テロを含む組織犯罪を未然に防止し、これと戦うための国際協力を可能にする(国際組織犯罪防止)条約を締結することは、必要不可欠であります。条約の国内担保法を整備し、本条約を締結することができなければ、東京オリンピック・パラリンピックをできないと言っても過言ではありません。


共謀罪


 国際組織犯罪防止条約は、Wikipediaによれば、署名国は147、締約国は187である。日本も署名国のひとつではあるが、批准がまだなのだ。
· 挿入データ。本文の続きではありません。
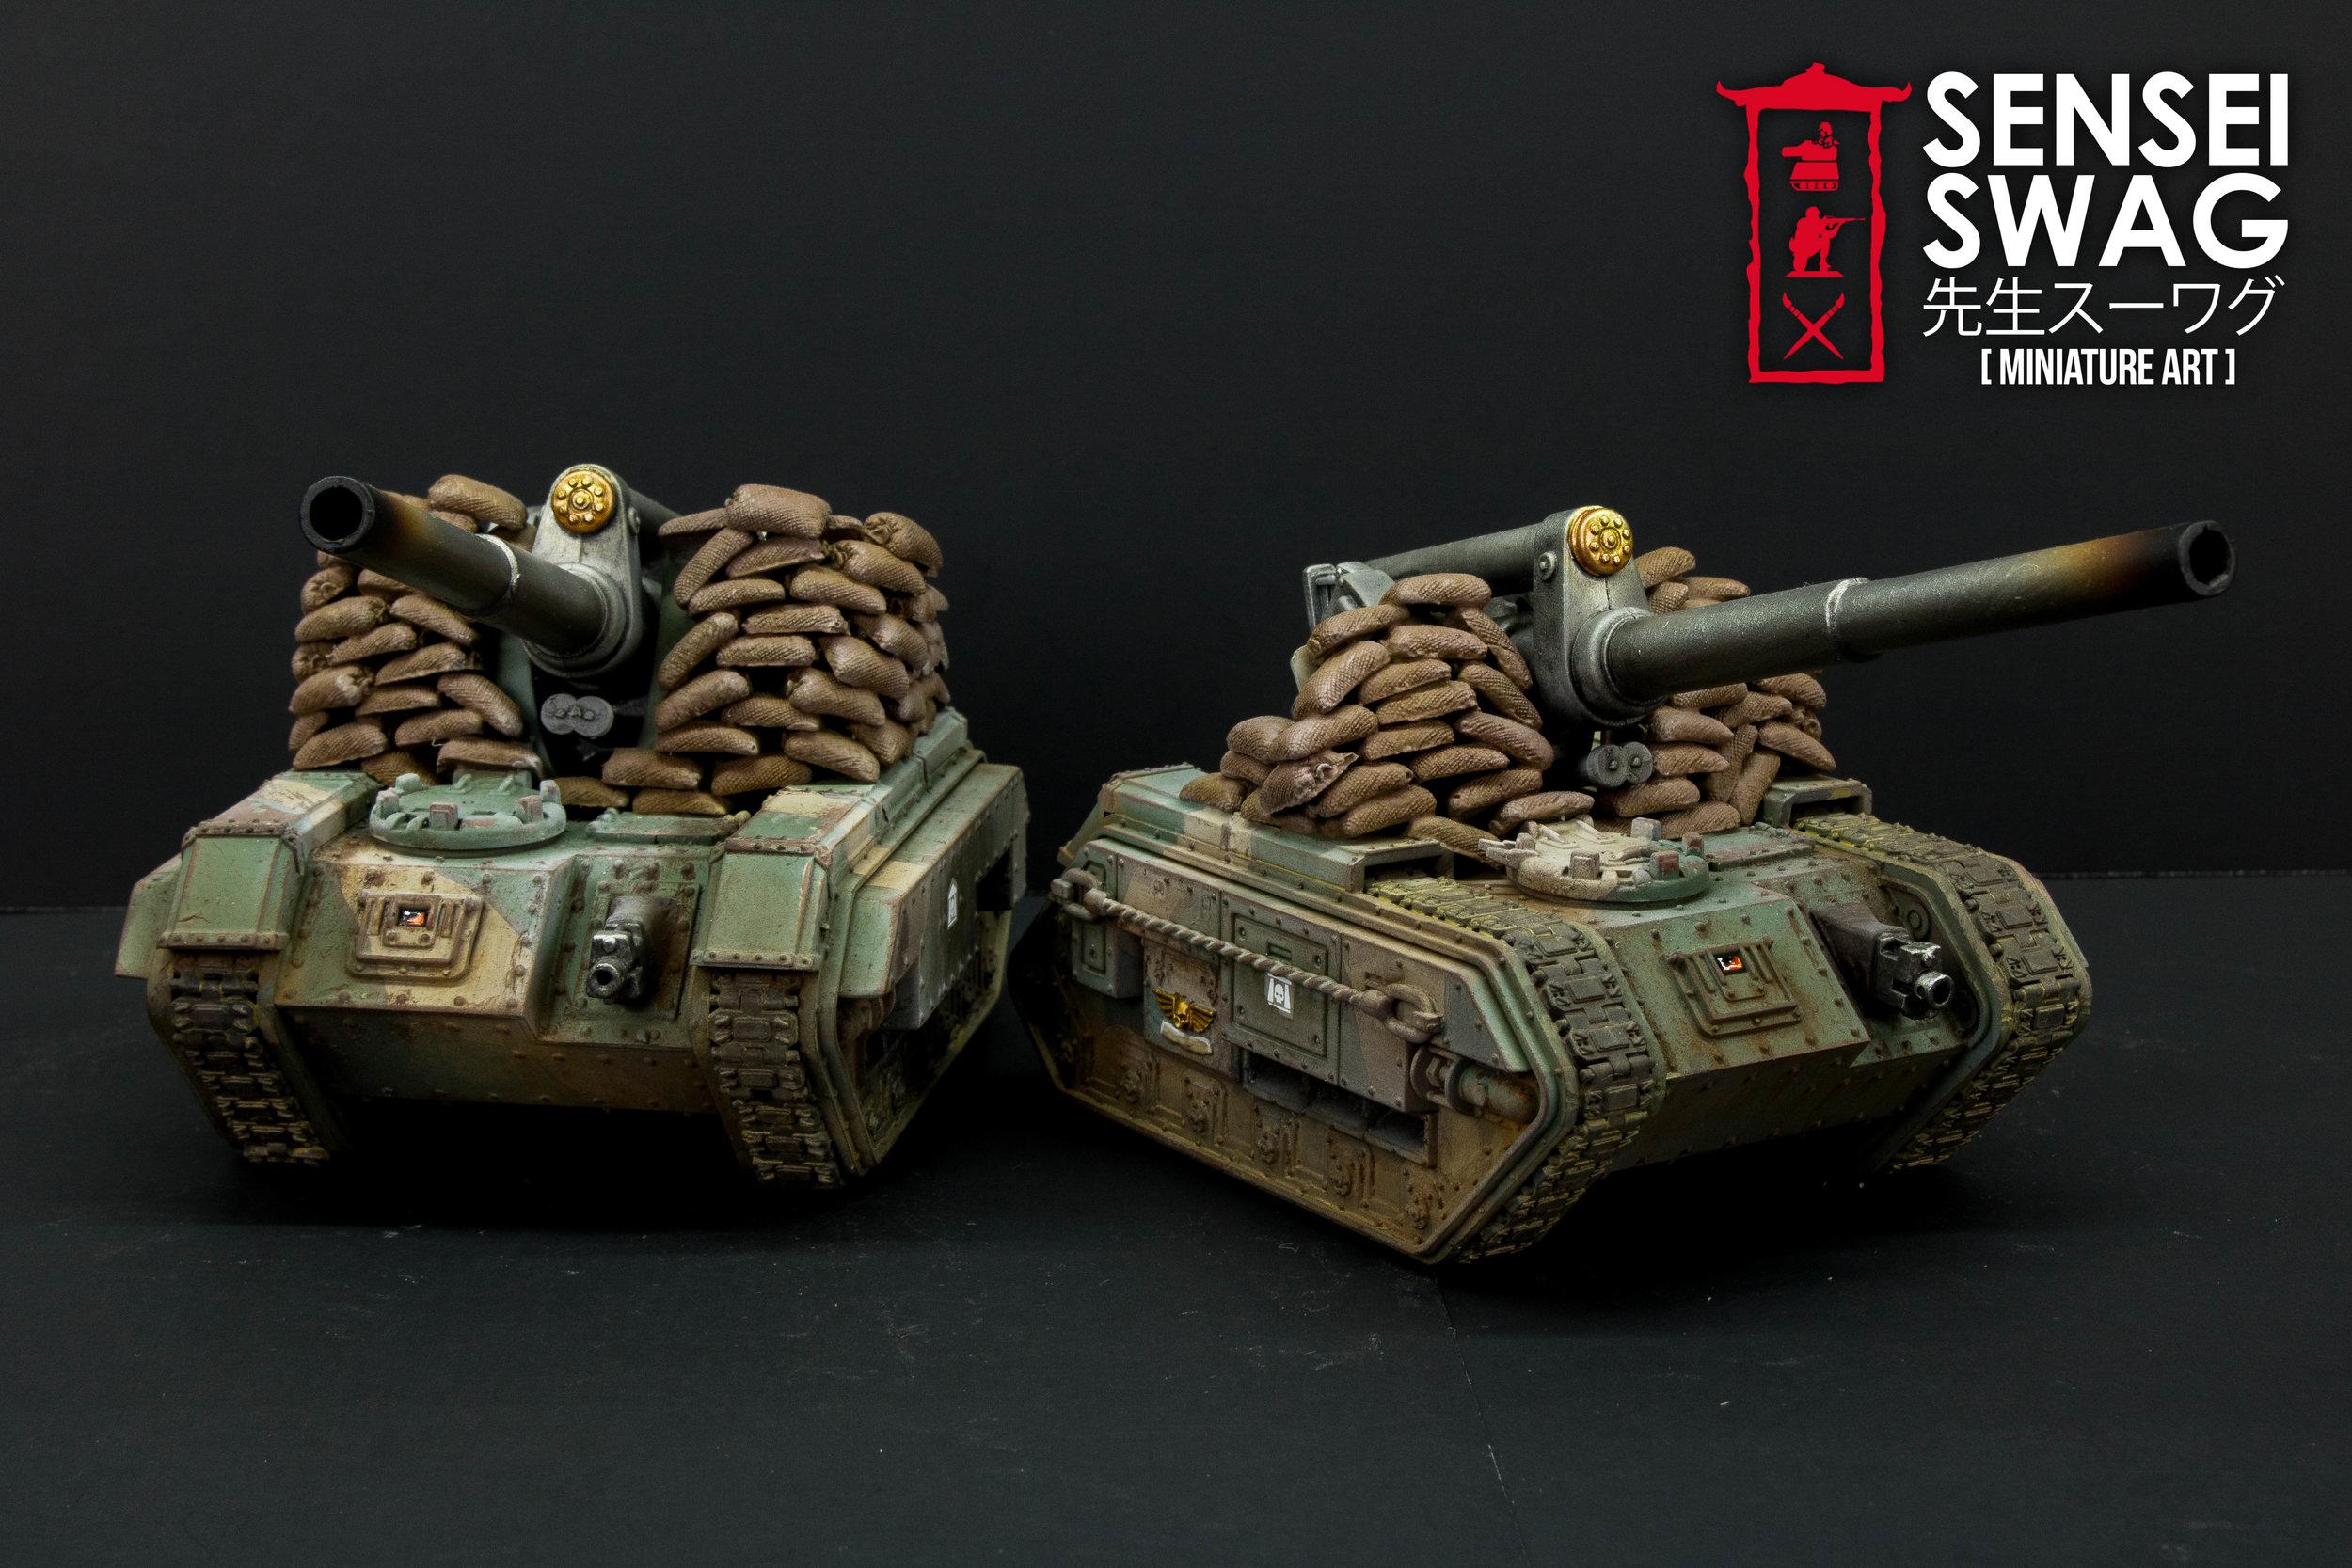 Cadian Armored Company Leman Russ 40k Tanks-9.jpg

日本は国連全体から見ればマイナーな存在であり、当然ながら、批准国からの信頼も得られることはない。

 やれ訪日外国人を増やせと合唱し、訪日外国人は増加の一途を辿る。もちろん、日本が好きな善良な訪日外国人が圧倒的に多いと思うものの、不逞な者が紛れ込む隙は比例して増えていく。不法滞在者も含め、日本人の感覚ではコントロールできない層は、減ることはないのだ。このような状況が進行する中で、何らかの対策が必要になるのは当然のことで、共謀罪は、今まで3回も国会に提出されているというが、法案として成立していないことは、立法府の怠慢とさえいえる。
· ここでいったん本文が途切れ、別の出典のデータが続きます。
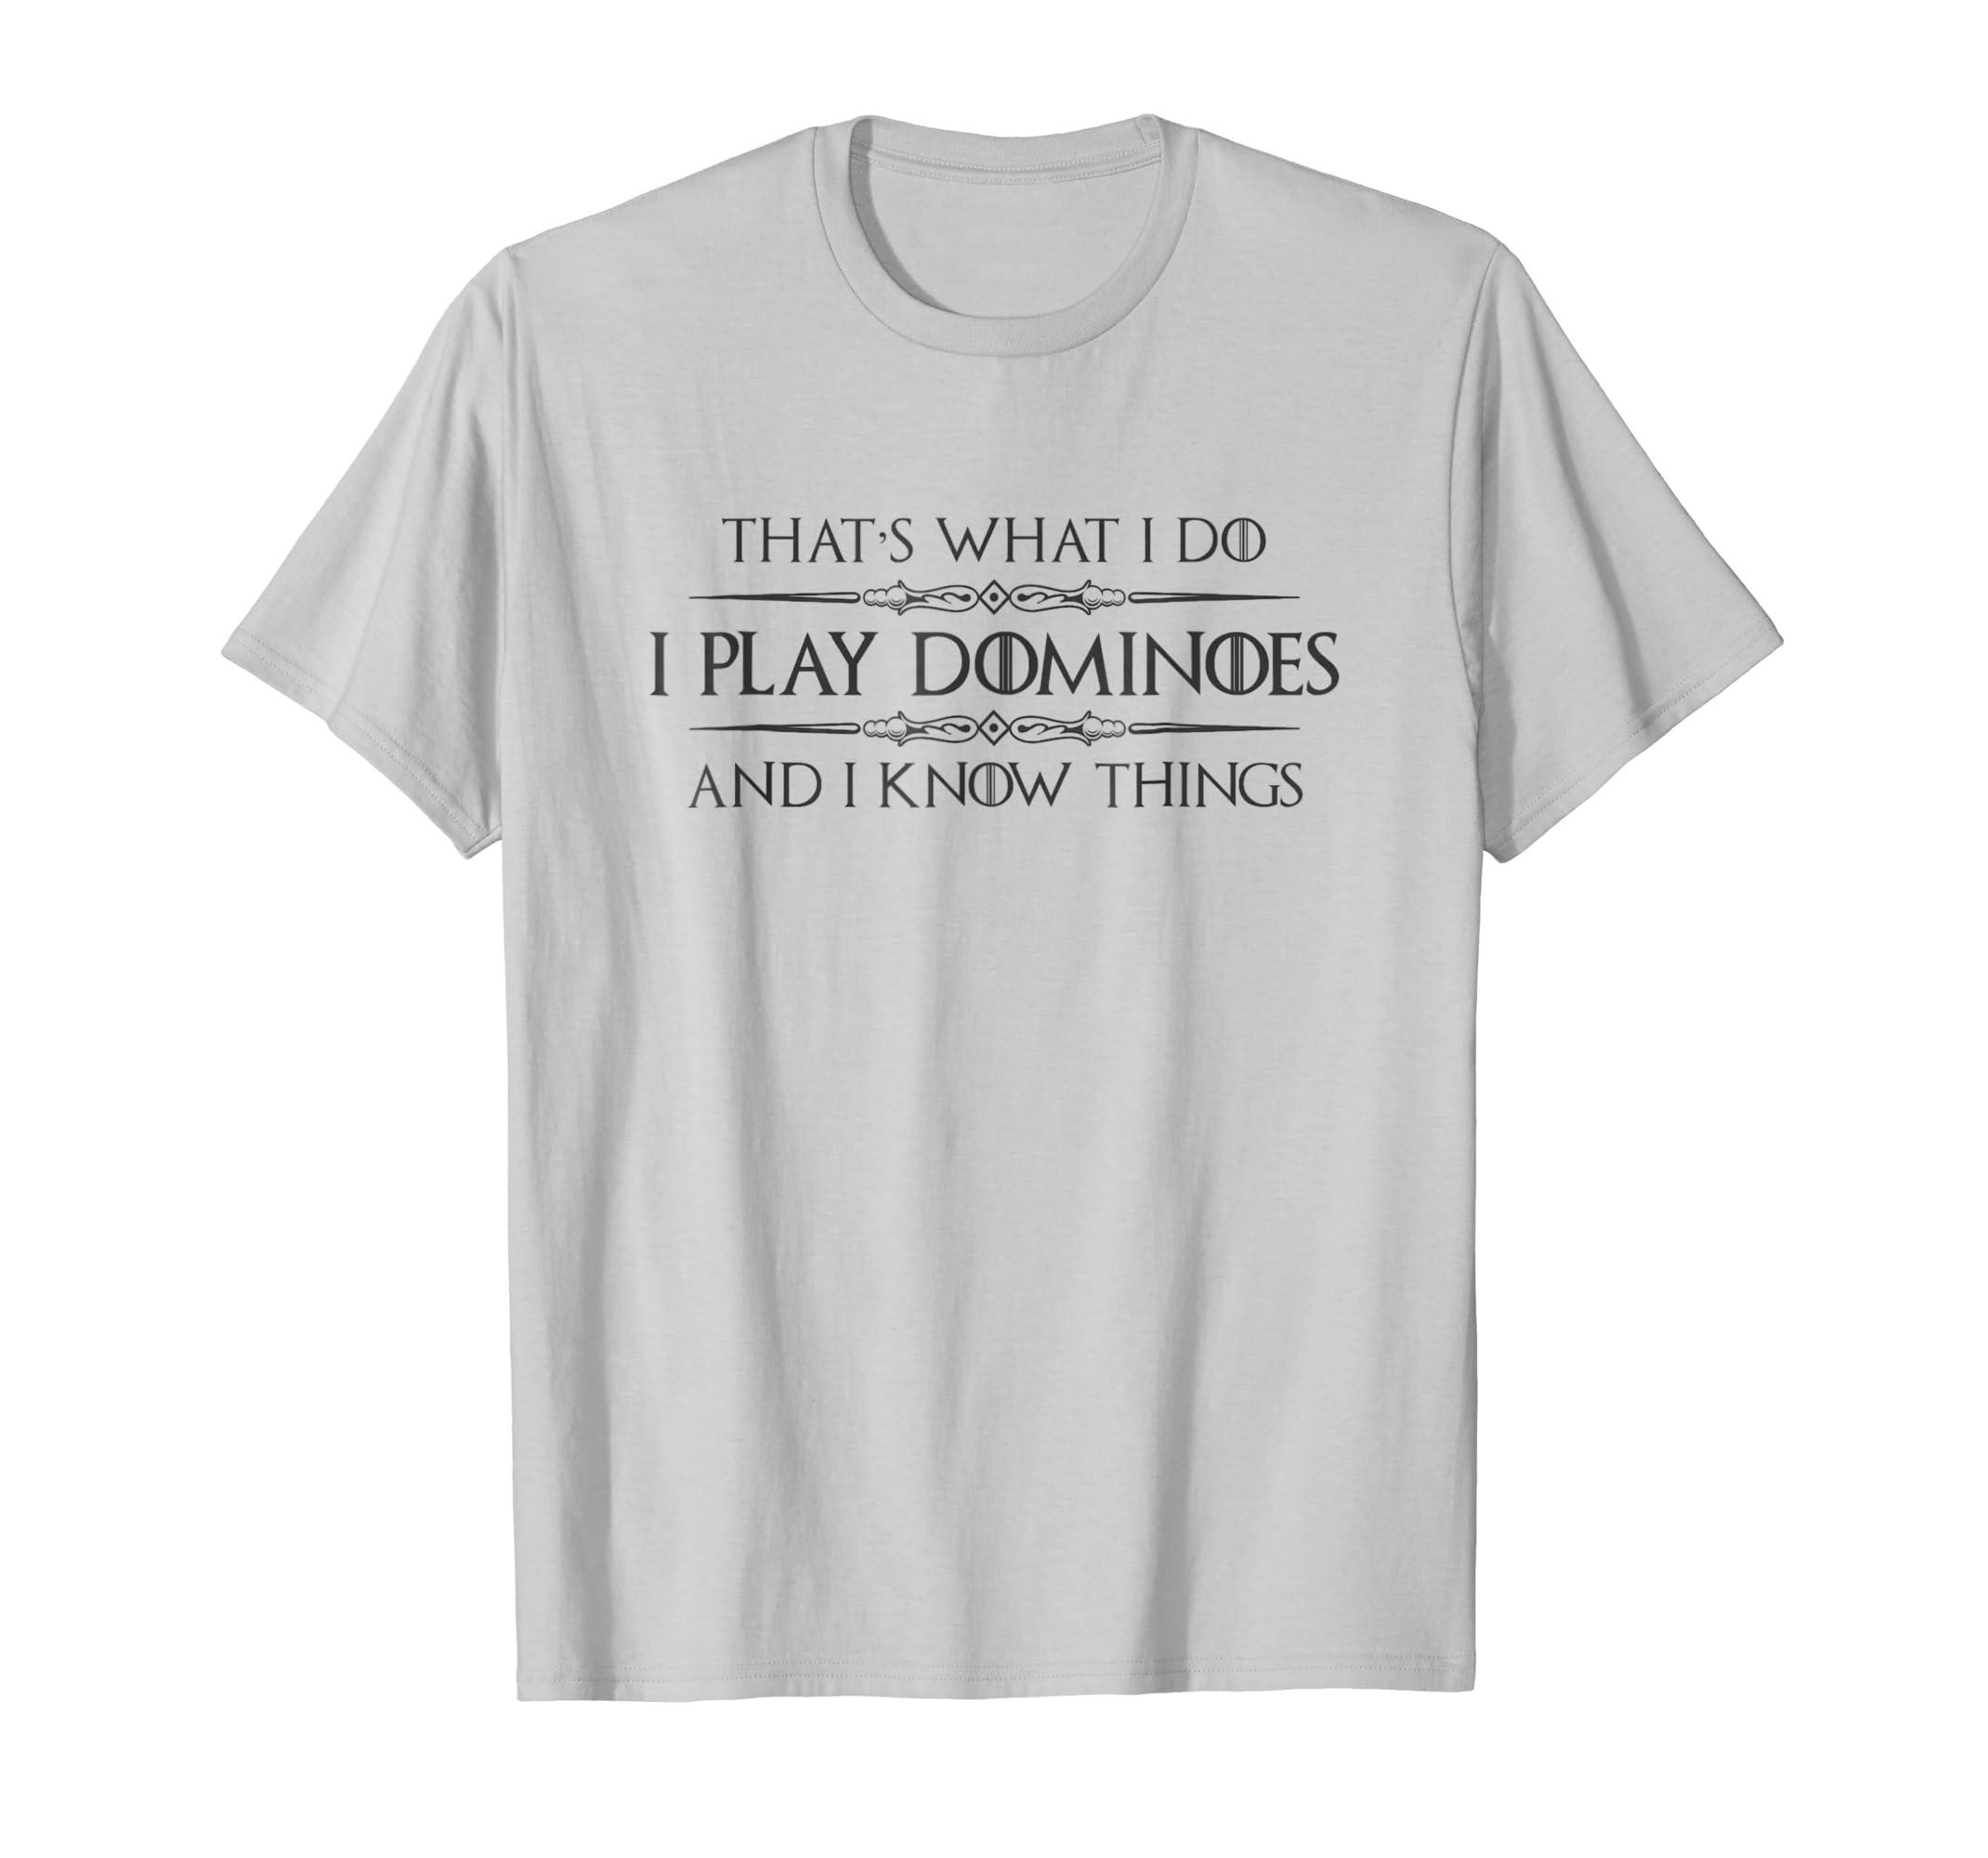 Amazon.com: Dominoes T Shirt - I Play Dominoes & I Know Things ...

 共謀罪に関しては、反対派は、国民の自由や権利を制限するなどと拒否反応を示している。護憲派には、自民党改憲草案がすこぶる評判が悪いが、その第一の理由が、国家権力が国民の自由と権利を縛るという主張だった。大串の「権力の乱用」とは、その反対派の代弁であるが、私個人的には、凶悪なテロを防ぐためには、国民の自由がある程度制限されてもやむを得ないと考える。立法府の役目は、その制限をどの程度まで許容するかを決めることであり、頭ごなしに反対を叫ぶことは、逆にテロを誘発する種を蒔くことにも繋がる。

 共謀罪は必要不可欠である。今国会では、この法案を政争の具にするのではなく、中身についての濃密な議論を展開してもらいたい。